In the summer of 2008 I complained about this issue to the Commissioner for Multilingualism in the European Commission. After a while I received the answer which I quote below in italics.

Note: at that time, my report also included an issue strictly related to the Romanian language (the ș and ț issue); I will take the liberty to omit the answer related to that issue, as it is of no relevance for the scope of this article.

Dear Mr Secară,

I would like to thank you for drawing the attention of the Commission to annoyances you are confronted with the use of language specific accentuated characters on the GSM network. As you clearly describe it, the problem only occurs in specific cases, however the promotion of multilingualism is at the heart of the priorities of Commissioner Orban.
You have correctly identified the dual nature of the problem: one being technical with the inadequate handling of 2 specific characters for the Romanian language, the other being the charging mechanisms for SMS.

[...]
For the latter issue, charging plans are entirely under the responsibility of telecom operators. The charging plans for SMS are subject to competition pressures between operators, the result being that such costs are driven down. Commissioner Reding is also applying continuous pressure on mobile operators to reduce costs of SMS. Without entirely removing the annoyances you mentioned this would at least minimize their impact. On the other hand in our Annual Information Society Report 2008 we identified that information society developments in Romania were still at an early stage with the resulting benchmarking indicators being close to the bottom of the EU rankings. We are continuing our efforts to encourage Member States to reduce the gaps between high and low performers.

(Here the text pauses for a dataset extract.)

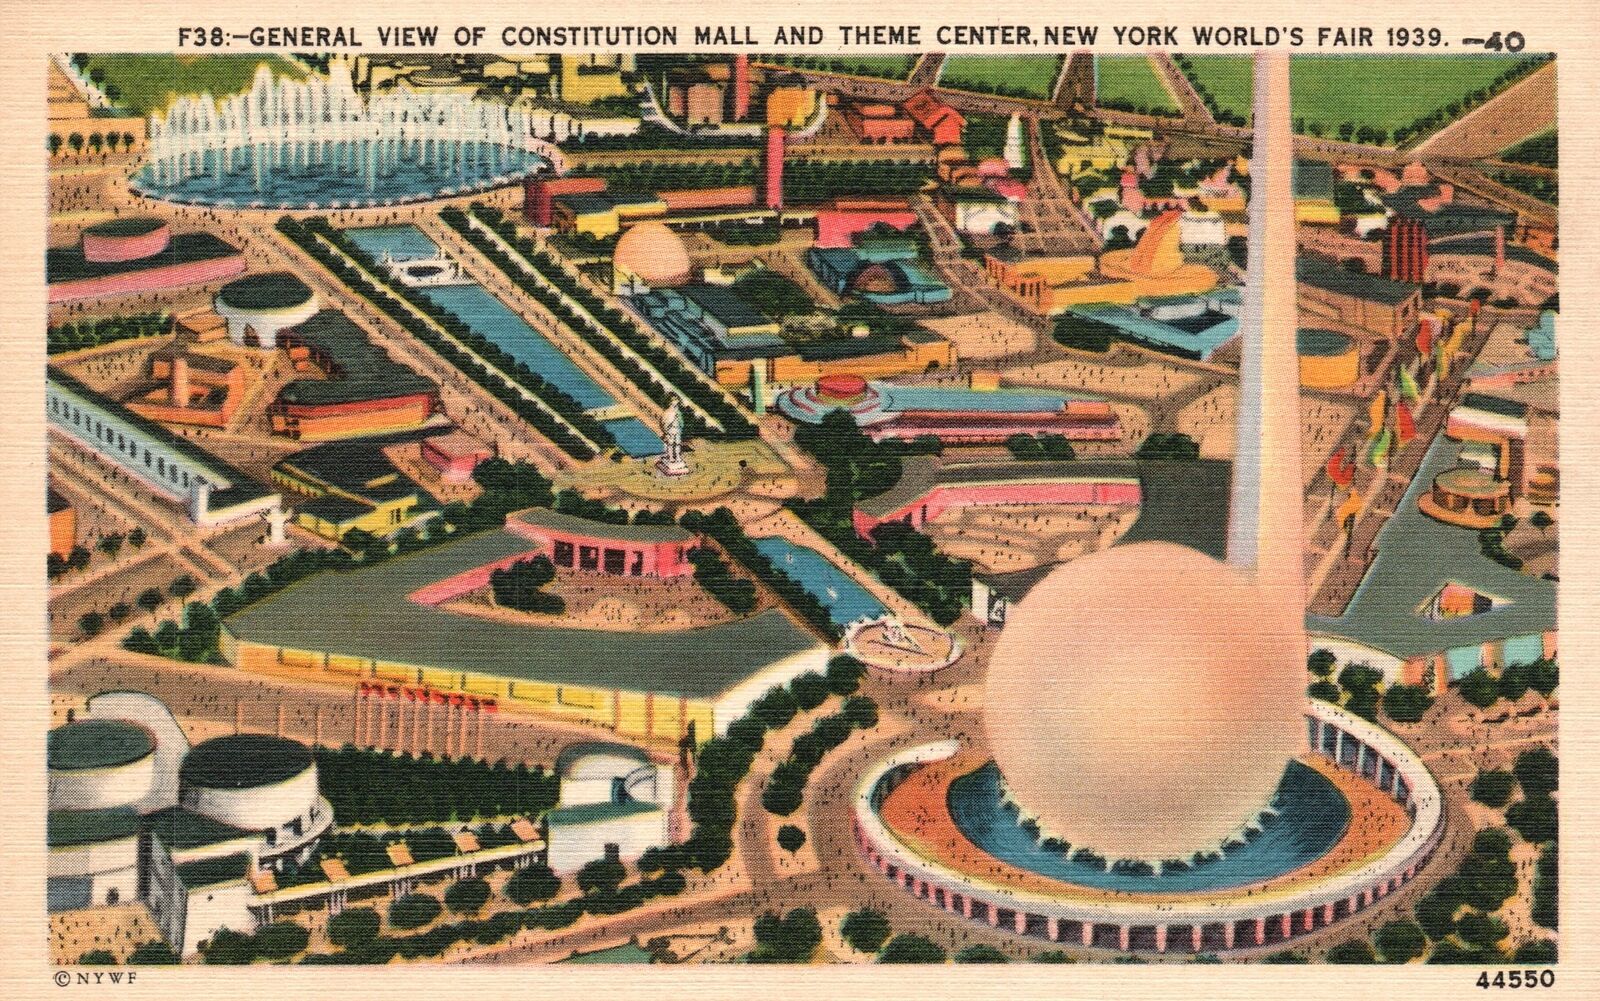 Vintage Postcard General View Of Constitution Mall & Theme Center New York Fair

I would like to once again thank you for your detailed and accurate report.

With my best wishes for your efforts

Anne Bucher
Head of Unit INFSO-C1
"Lisbon Strategy and i2010"
Directorate General Information Society and Media
Office: BU25 01/131
European Commission

I thank Anne Bucher very much for the kind response, but I consider it not good enough.

It seems I was not very clear in expressing my idea to the European Commission, but I consider the SMS text message issue to be under the responsibility of the mobile device manufacturers, not the mobile operators. It is the mobile device and the PC software accompanying the mobile device that makes the difference between, for example, Latin alphabet as used by (say) French language and Cyrillic alphabet as used by (say) Bulgarian language. It is the device that changes accordingly the maximum number of characters per SMS text message in that session. It is the device that truly makes the discrimination and in the end has a cultural and economic impact over the user.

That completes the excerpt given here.